Sanders Voted for the Latest Corporate Bailout: What This Reveals for Socialists | Left Voice

Sanders Voted for the Latest Corporate Bailout: What This Reveals for Socialists | Left Voice:

The U.S. Congress recently passed a $2 trillion bailout package, the largest in U.S. history. Most of the money will go to the wealthiest individuals and corporations. Even though he originally spoke out against it, Bernie Sanders voted for the deal.

The U.S. death toll from COVID-19 is
already 4,000, with the number rising quickly and hospitals bursting at
the seams. Healthcare workers do not have the necessary personal
protective equipment and areas that are being hit the hardest by
coronavrius, such as New York City, are quickly running out of
ventilators and ICU beds. Meanwhile, the number of people in the United
States who are unemployed has reached 10 million, and those are just the
official statistics that exclude undocumented and gig workers.


April 1 has just passed and we’re all still expected to pay our rent.
For the millions of people who live
paycheck to paycheck, there won’t be enough money for that. In fact,
there won’t be enough money for food. The markets had their biggest drop
in history, the capitalist suffering losses there are going to push
them onto working people, and now it is undeniable that we are heading
for a global recession.


The situation is catastrophic and getting worse — and this in the wealthiest country in the world. 

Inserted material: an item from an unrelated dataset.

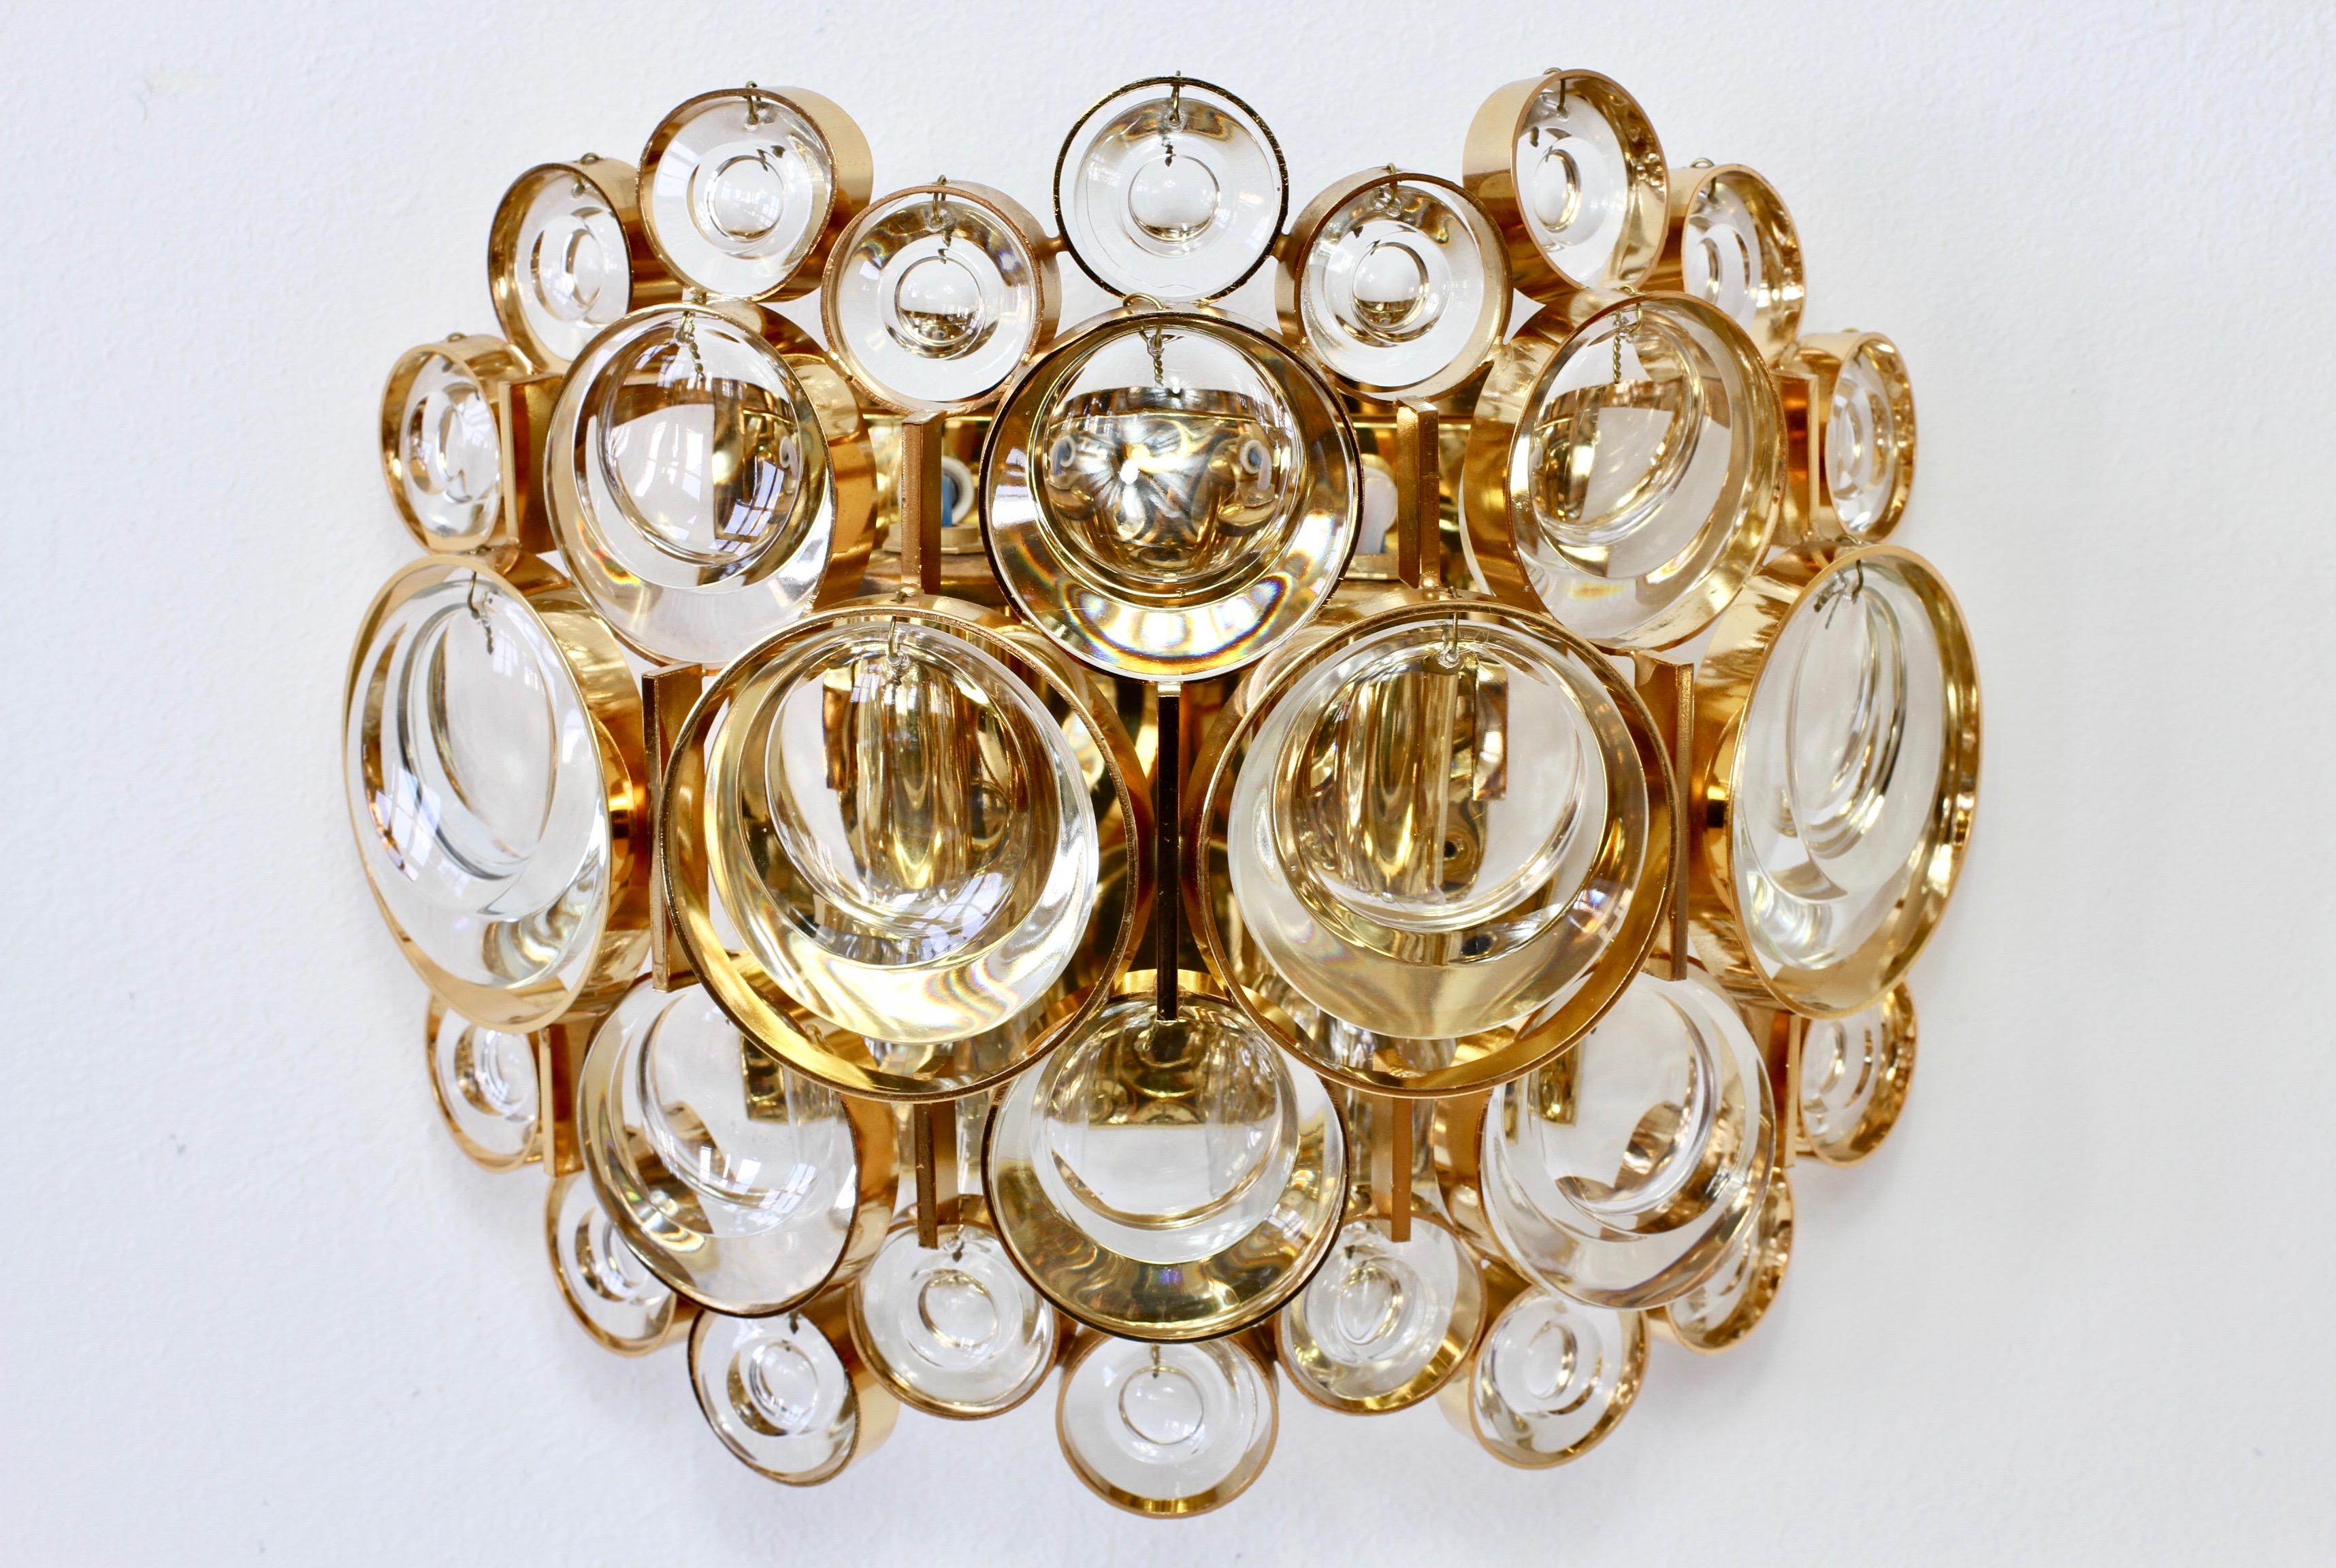 Stunning Pair of German Mid-Century Crystal Glass Wall Lights / Sconces by Palwa 3

In an attempt to stimulate the
flailing economy, the U.S. Congress recently passed a massive $2
trillion stimulus bill. In fact, it’s the biggest bailout the
capitalists have gotten in all of U.S. history. Here are some of the
bill’s highlights (or lowlights):



  • $500 billion in loans to corporations. 
  • $367 billion in small business loans
  • $454 billion for the Federal Reserve to inject liquidity into flailing markets
  • $130 billion for hospitals (WHY ARE HOSPITALS GETTING LESS MONEY THAN SMALL BUSINESS AND CORPORATIONS!?!)
  • $170 billion tax break for real estate investors (like Trump)
  • $25 billion for the airline industry
  • $17 billion for defense contractors
Simply put, in the midst of the
most catastrophic situation in any of our lifetimes, the United States
government will transfer an unprecedented amount of money to businesses,
specifically Big Business. And even with this huge bailout, companies
such as United Airlines
still plan to layoff workers. 

What is called the CARES Act has two
important provisions for some working class people: an extension of
unemployment benefits, along with an important change — a
$600 weekly increase, for four months, which would also include gig and tipped workers;
and a one-time $1,200 check to people who filed taxes last year and
make less than $75,000 a year. For those who make up to $99,000,
payments are still available but will be less. But it may take up to 5
months for some people to receive their one-time payments. 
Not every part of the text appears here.